I wonder who designed the new Mazda pump?
#139
Exhaust Manifold Leak
Thread Starter
Hi Barry, do you have maybe a performance curve of a TII or mazmart pump? I am curious to know the tradeoff in flow when you increase pressure. at I am seeing almost no pressure increase over static pressure at the temp sender location. nonetheless with the bigger exh port the engine performes much better. got now over 260 Nm of torque and 306hp at the flywheel. it has still a bit more inside but we had no more time at the dyno. midrange was too rich and top end too lean. might need to use different emulsion tubes.
#140
"Elusive, not deceptive!”
Hi Barry, do you have maybe a performance curve of a TII or mazmart pump? I am curious to know the tradeoff in flow when you increase pressure. at I am seeing almost no pressure increase over static pressure at the temp sender location. nonetheless with the bigger exh port the engine performs much better. got now over 260 Nm of torque and 306hp at the flywheel. it has still a bit more inside but we had no more time at the dyno. midrange was too rich and top end too lean. might need to use different emulsion tubes.

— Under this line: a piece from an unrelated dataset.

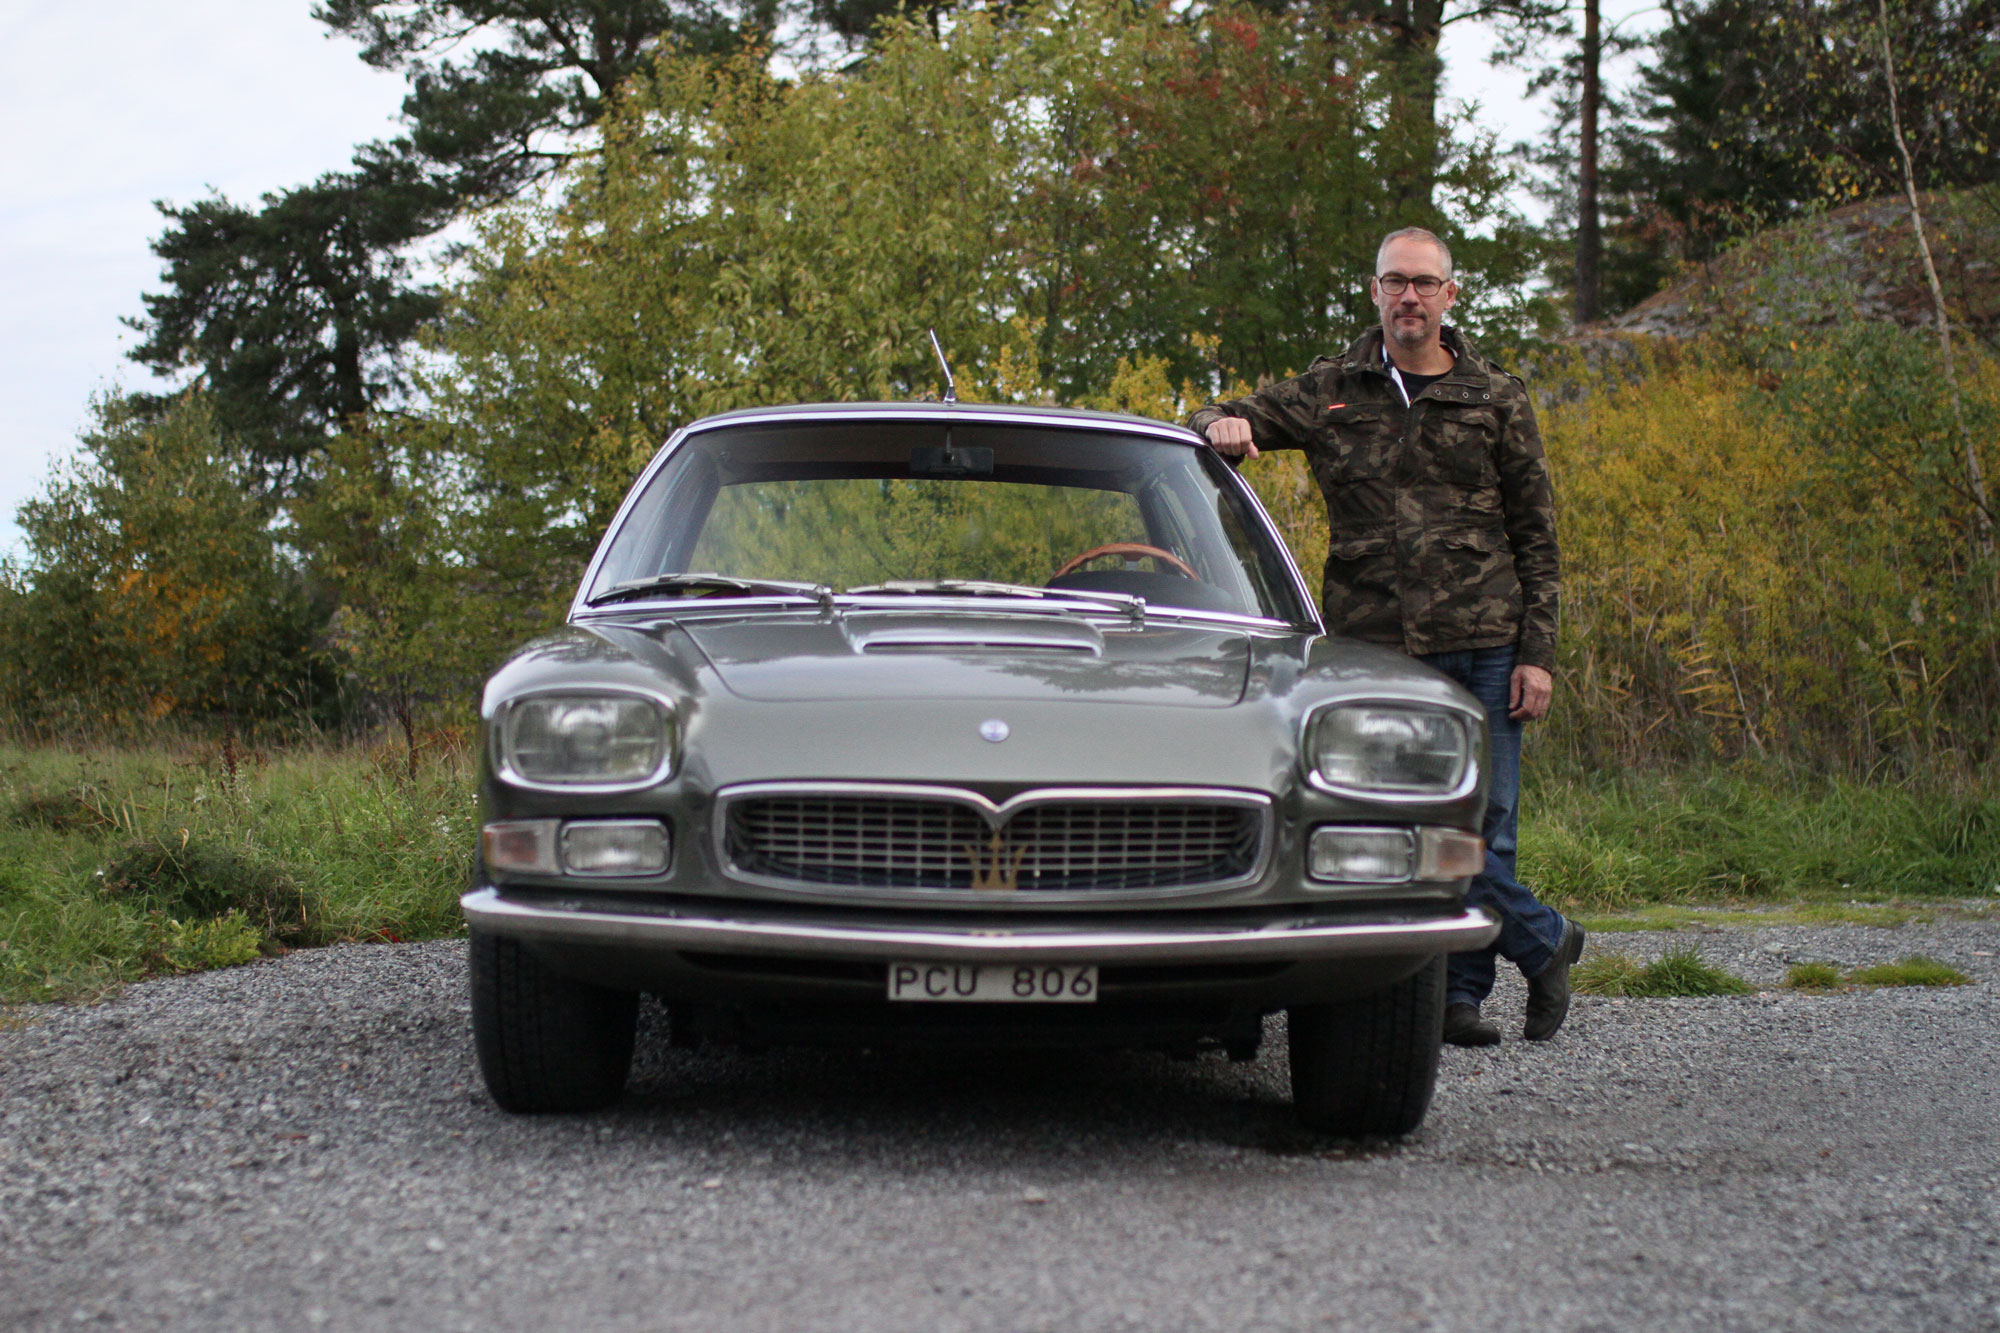 Maserati-Quattroporte-front-with-Fredric-Gustafsson

You should be seeing over 40 psi at the back of the engine.
#142
Exhaust Manifold Leak
Thread Starter
Still going strong. for 2016 season we remade front suspension and subframe rack and pinion steering. the engine is now unopened for 2 seasons, approx 30 hours or racing and compression is still better than we measured after the engine was freshly together. the NRS seals are doing a superb job. I think it really proves for racing these engines are ultra reliable once jetted and balanced properly with good dry sump oiling system, even after a handful of 10k+ rpm misshifts per race. the only wears parts we changed where one set of Bosch W2CS plugs. thats it.

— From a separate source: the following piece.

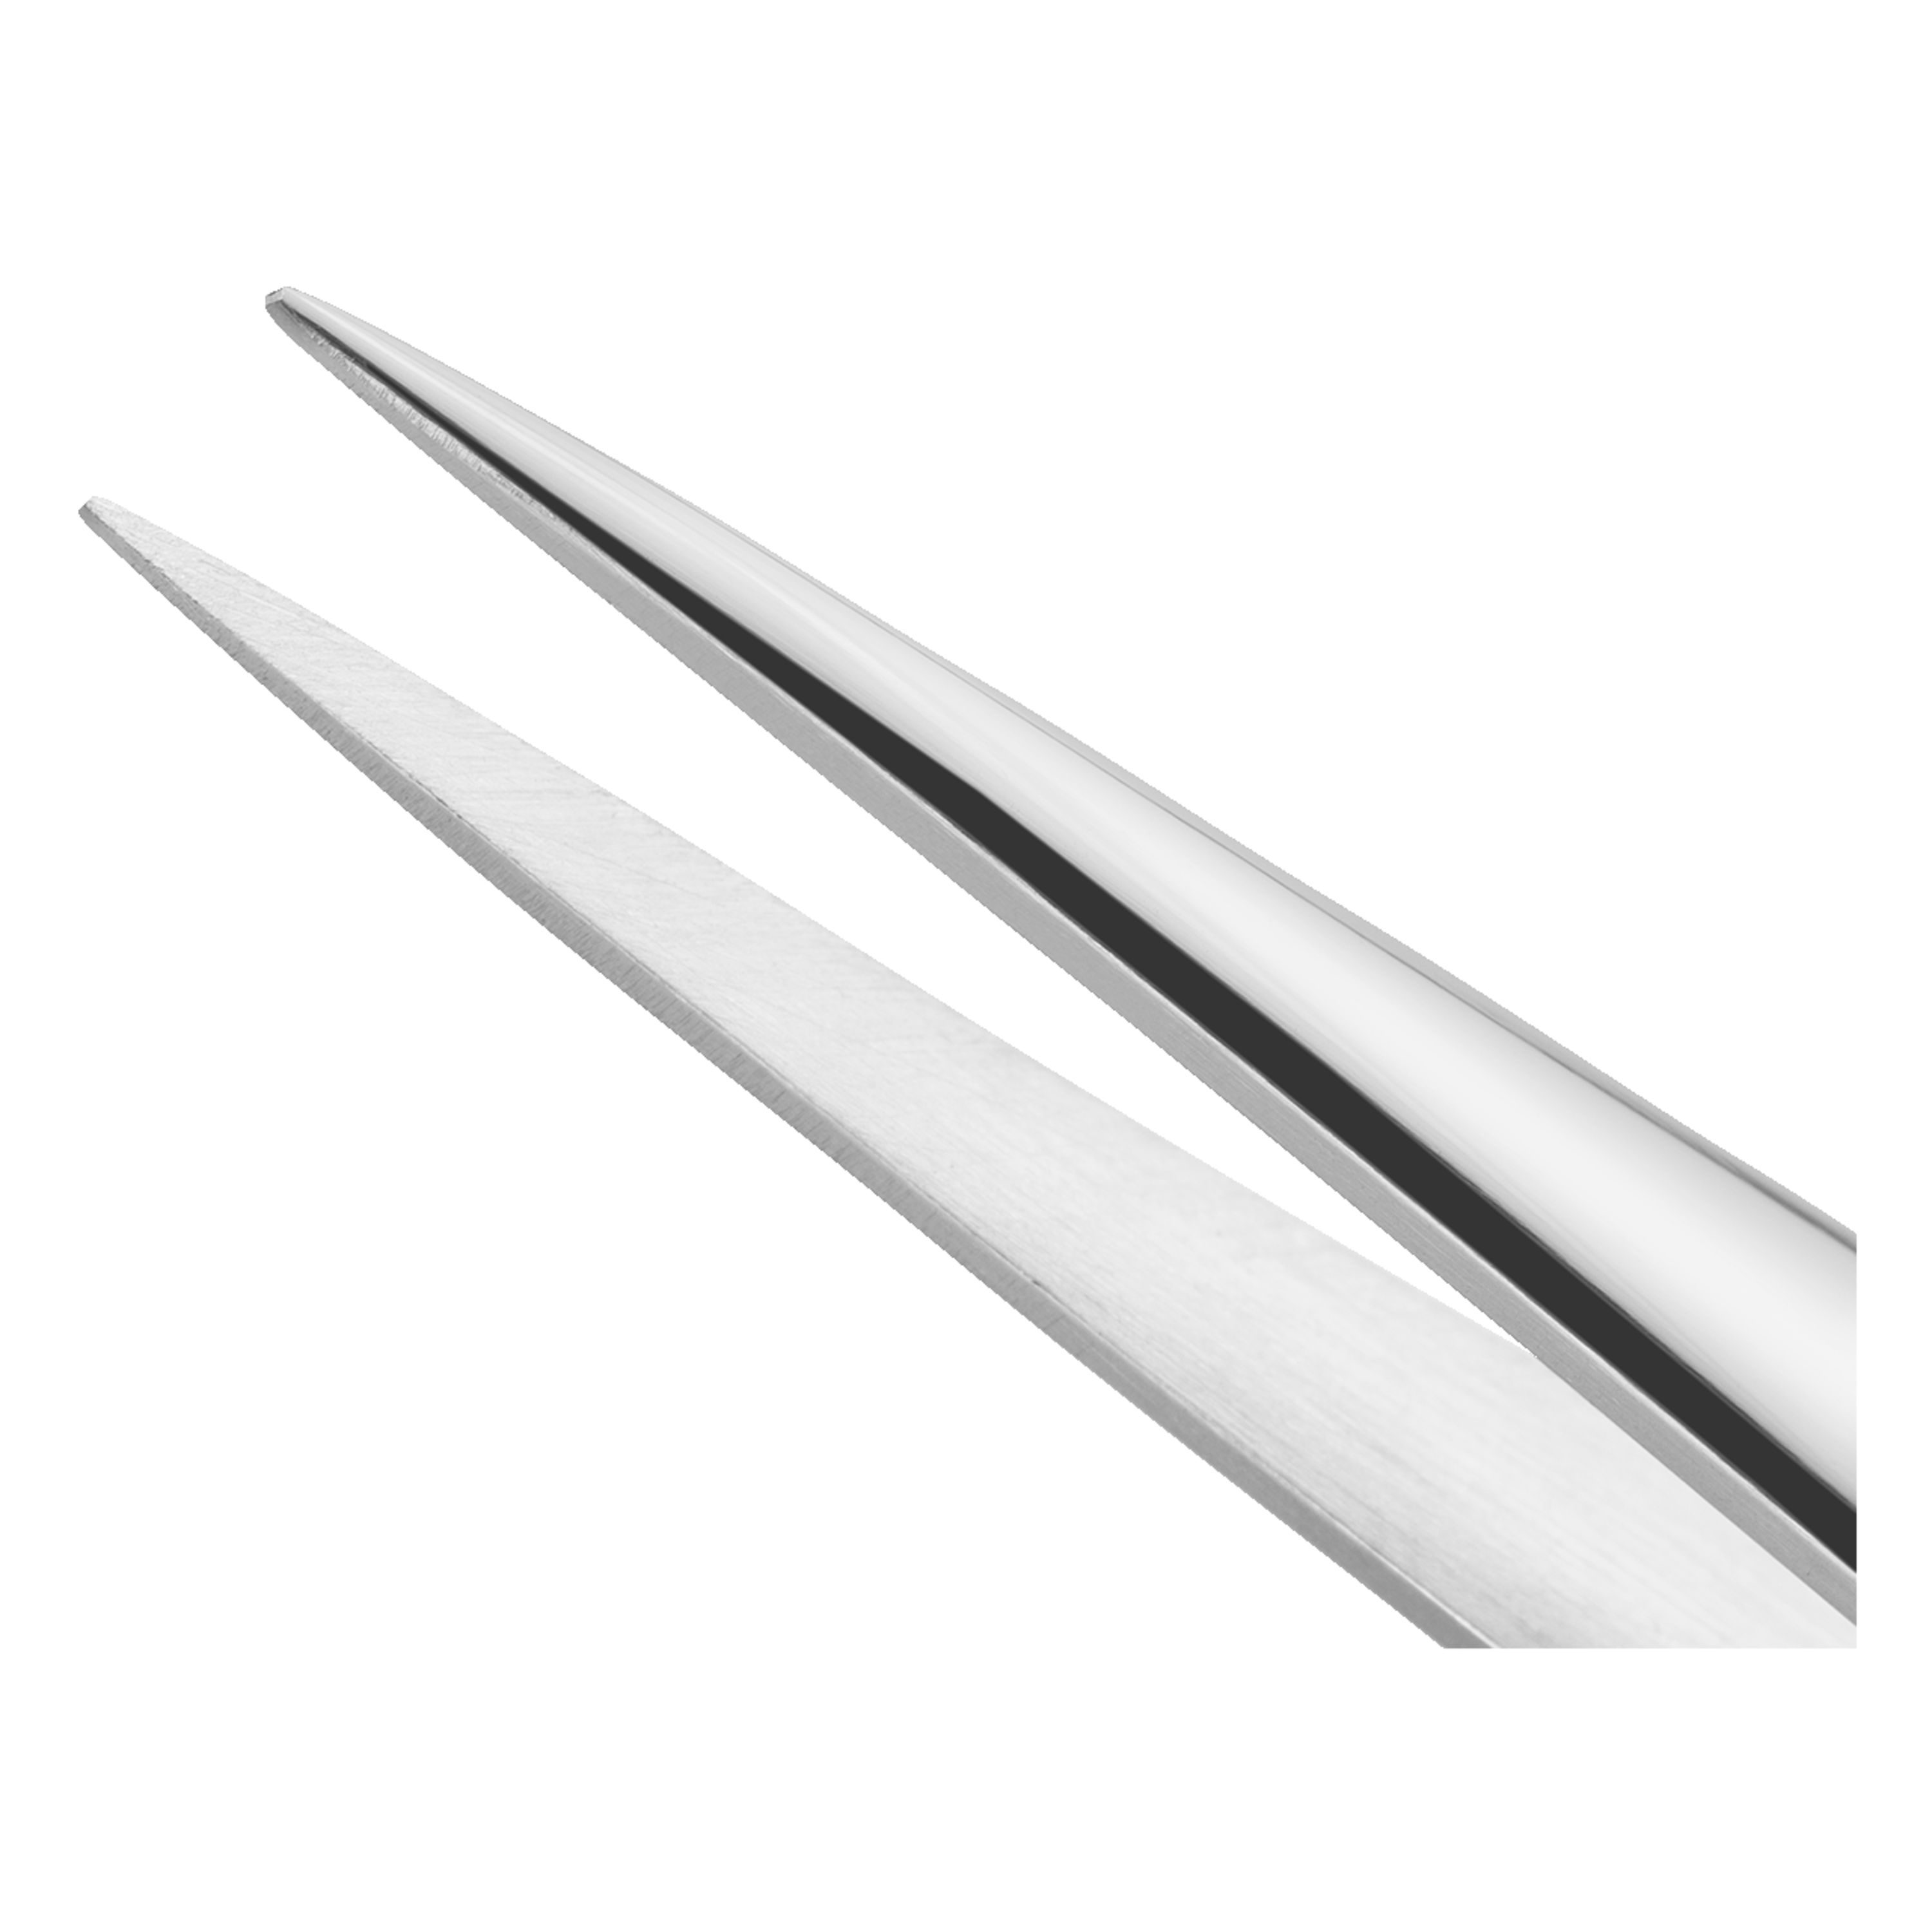 Slide Lock Pointed Tweezers – Excel Blades

thats sub 50 dollar of parts for 30 hours of racing. now compare this to a 300hp cosworth BDx
#143
Rotary Freak
You should enlarge the float bowl and use f2 em tubes and try some B9egv spark plugs. I make a separate float bowl that joins to carby using the float drain plug .I will do a drawing of the setup if you like .
#144
Exhaust Manifold Leak
Thread Starter
I have extended bowl, but on that run the fuel pressure/grose jet was the issue. we now run 2 seasons with 3.4mm glass ball and 250 mbar fuel pressure without issues. I adjust main jet / air corr to balance the rotors so the end up with similar egt at the end of long straights.
#145
Exhaust Manifold Leak
Thread Starter
Here some footage from the most recent race.
Car goes very well, reliable as a watch. the only thing that seems to wear in the engine are the side plates and side seals. rotor housing stay new with ceramic seals .D
Car goes very well, reliable as a watch. the only thing that seems to wear in the engine are the side plates and side seals. rotor housing stay new with ceramic seals .D
#146
"Elusive, not deceptive!”
Here some footage from the most recent race.

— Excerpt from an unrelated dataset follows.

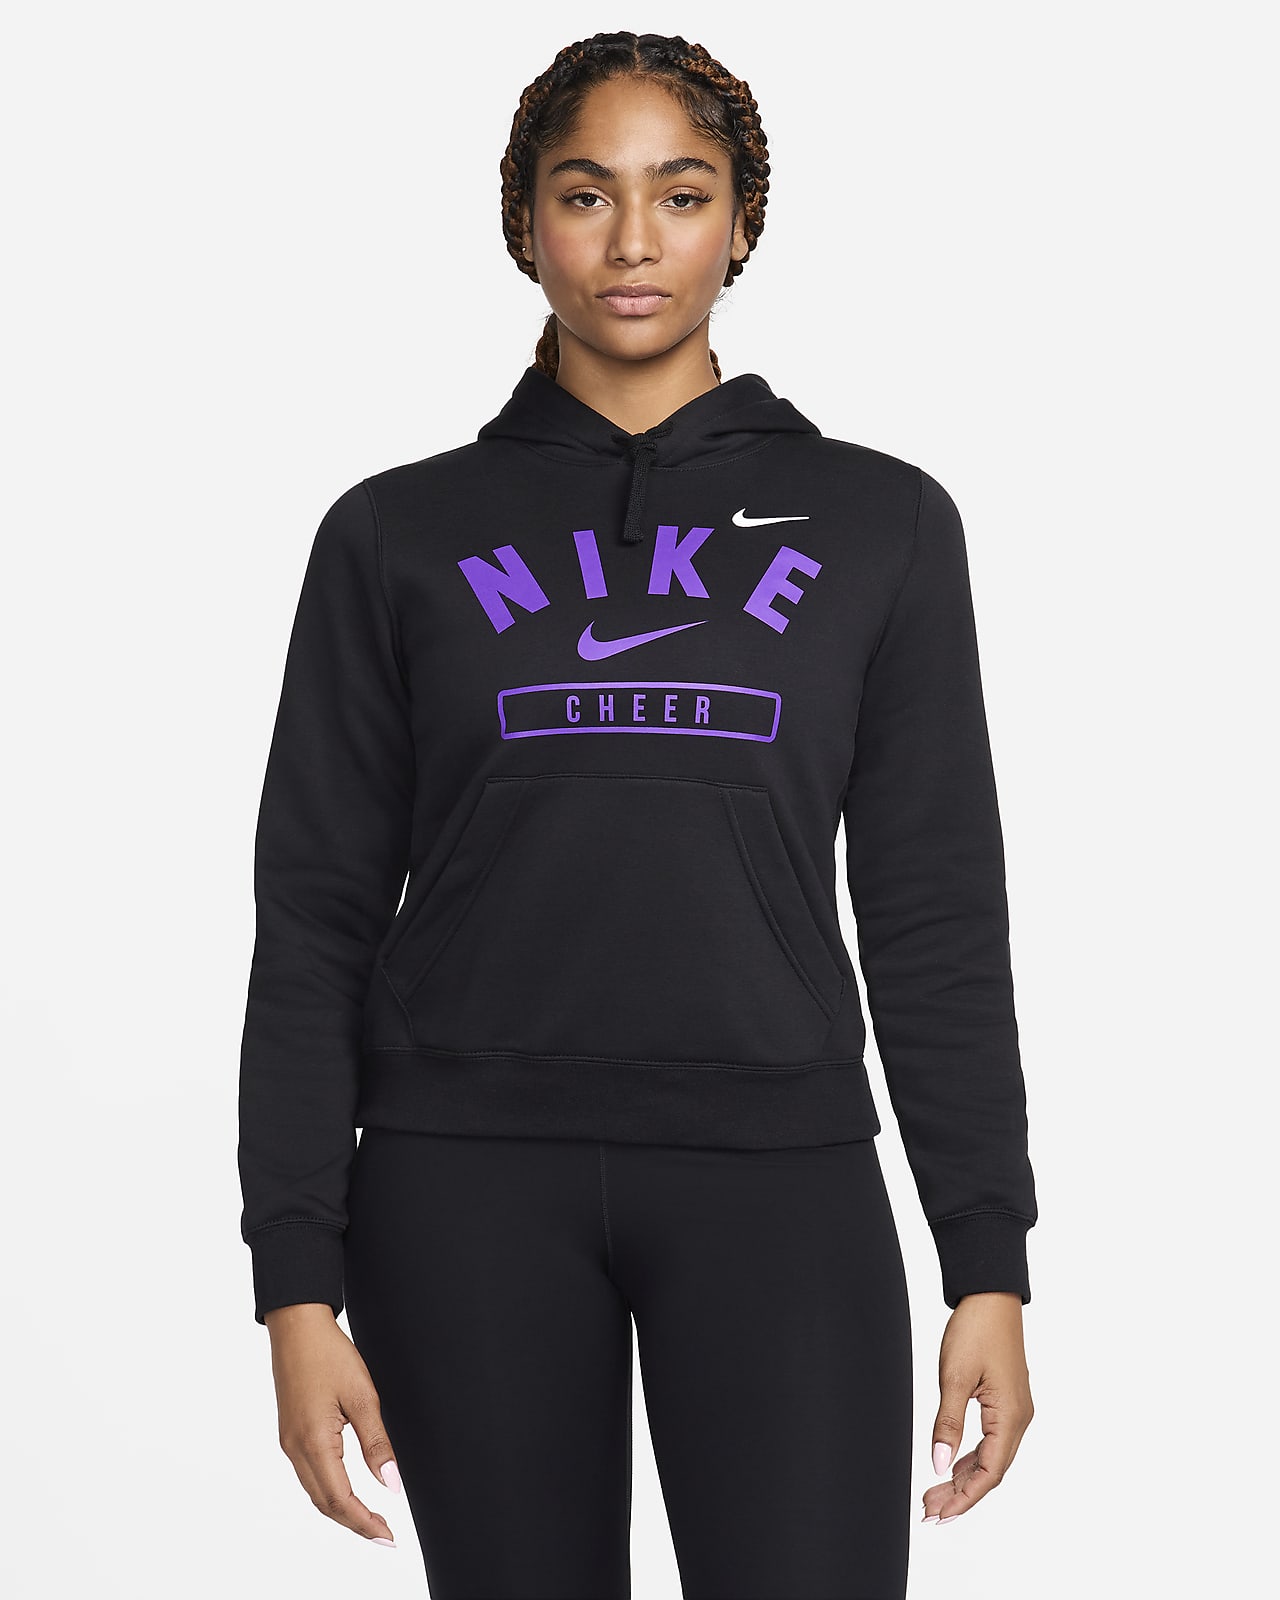 Nike Women's Cheer Pullover Hoodie

https://www.youtube.com/watch?v=V02hzmZModQ
Car goes very well, reliable as a watch. the only thing that seems to wear in the engine are the side plates and side seals. rotor housing stay new with ceramic seals .D
https://www.youtube.com/watch?v=V02hzmZModQ
Car goes very well, reliable as a watch. the only thing that seems to wear in the engine are the side plates and side seals. rotor housing stay new with ceramic seals .D
I have had side plate wear that I attributed to tight side clearance …. less than .003".
You might try zero clearance corner seals.
Zero Clearance Side seals
Barry
#149
Exhaust Manifold Leak
Thread Starter
Fronts are hi- spec, i think around 305 mm disc, they fit in 15'
rear are brembo calipers from an evo, and discs from a vw mk3 gti fronts, around 280mm vented. Has front and rear separate masters with an adjustable balance bar.
rear are brembo calipers from an evo, and discs from a vw mk3 gti fronts, around 280mm vented. Has front and rear separate masters with an adjustable balance bar.